Brazilian authorities stepped up a drive to clean up Brazil’s largest shantytown Thursday, with a permanent police unit deployed in the hillside favela overlooking Rio’s most famous beaches.
The stationing of 700 police in Rocinha came 10 months after security forces wrested control of the area from drug gangs as part of a campaign to stamp out crime and restore security ahead of the 2014 World Cup and 2016 Olympic Games.
The so-called Police Pacification Unit (UPP) replaces 400 police personnel that had been patrolling the favela – located on a hillside wedged between two of Rio’s wealthiest neighbourhoods – since November’s massive security sweep.
“Police are here and here to stay,” Rio de Janeiro state governor Sergio Cabral said during a ceremony held under a persistent drizzle at the entrance of Rocinha, which is home to 70,000 people.
Colonel Rogerio Seabra, who is co-ordinating the pacification effort, made a similar pledge earlier: “We are not going to spare any efforts and we are determined to establish proximity with the people of Brazil’s biggest favela.”
But officials cautioned that fully bringing the area – a maze of narrow streets, which for years had been under the sway of narcotraffickers – under control would take time.
Violence has been reduced and drug traffickers no longer carry weapons in the streets, according to residents, although 12 murders have been recorded so far this year.
Only 20 per cent of this huge community can be patrolled by car, with officers having to cover the rest of the area on motorcycle or on foot, the new head of the Rocinha UPP, Edson Santos, told reporters.
He added that 100 surveillance cameras would be installed to improve security.

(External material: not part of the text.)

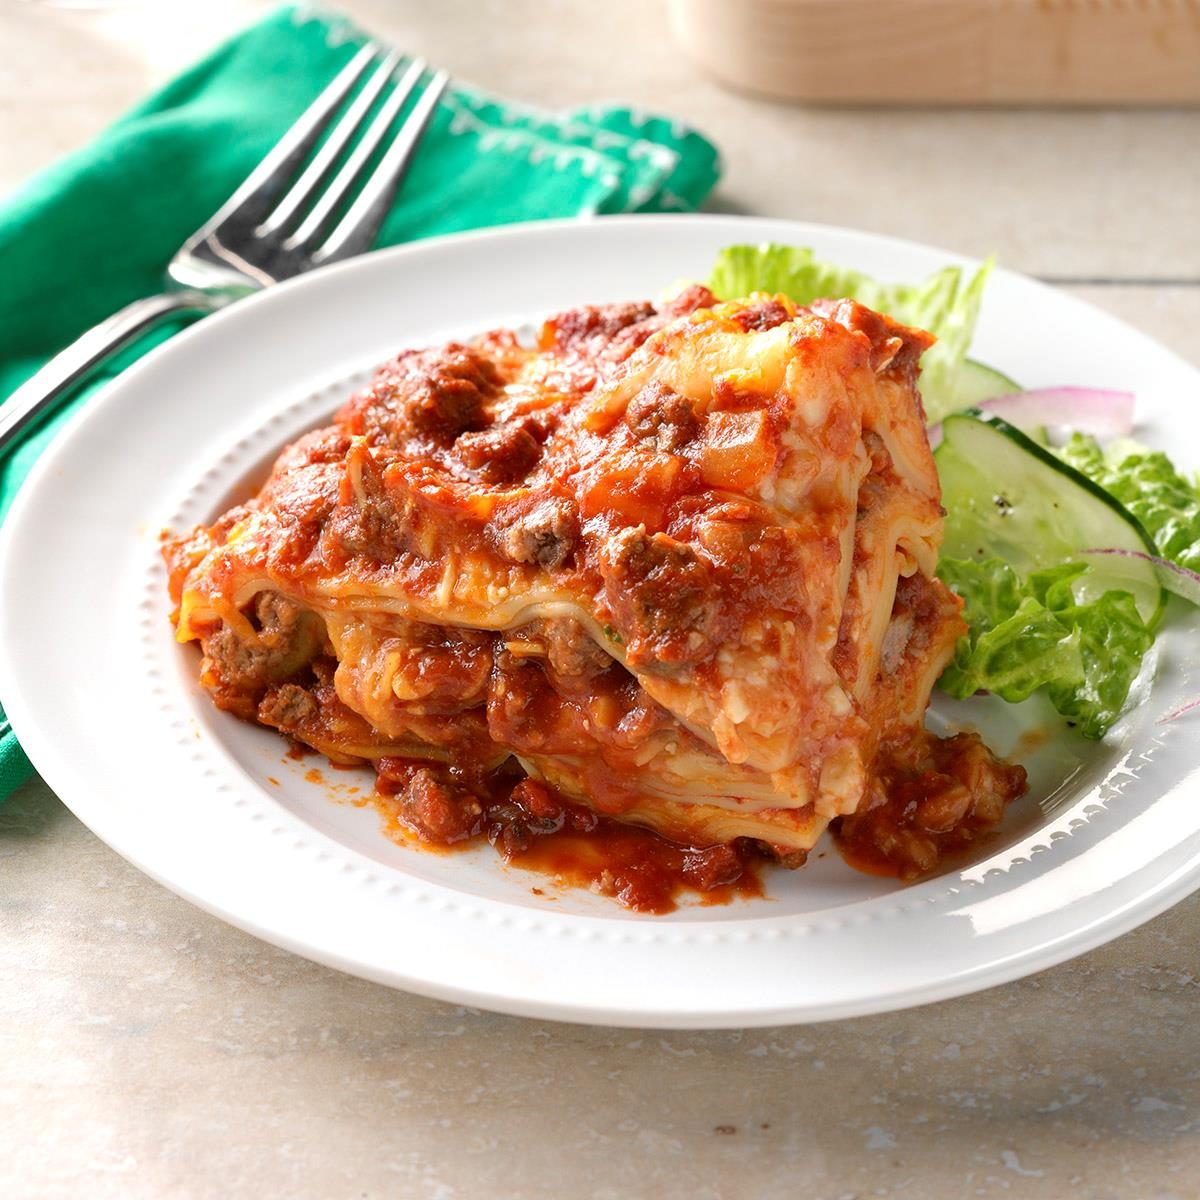 Slow-Cooker Lasagna Recipe: How to Make It

Since last November, “the situation has improved a great deal. Now we can walk the streets without worry, something which we could not do before. But a lot remains to be done,” said Edwirges Mattoso Kneip, a 63-year-old retiree.
“There are criminals robbing houses. I cannot leave my house unattended. Before the drug lords banned robberies inside the favela” and perpetrators faced cruel punishment, added Ms. Kneip, a former bakery employee wearing a T-shirt adorned with the Olympic banner and the Rio 2016 logo.
Police said members of the new UPP will try to establish relationships with residents, whose help is seen as crucial to combat crime.
So far, authorities have deployed 28 of the UPPs in 175 local communities, with 6,770 agents, according to military police statistics. Authorities plan to deploy 40 UPPs by 2014.
“The people of Rocinha accepted us. There are some criticisms of the UPP. We know that changes take time. We will notice them when the children of today turn 15, 20 years old,” said Erir Ribeiro Costa Filho, chief of Rio state’s military police.
“Security is improving. Children can spend more time in the streets,” said a 22-year-old resident who would not give her name.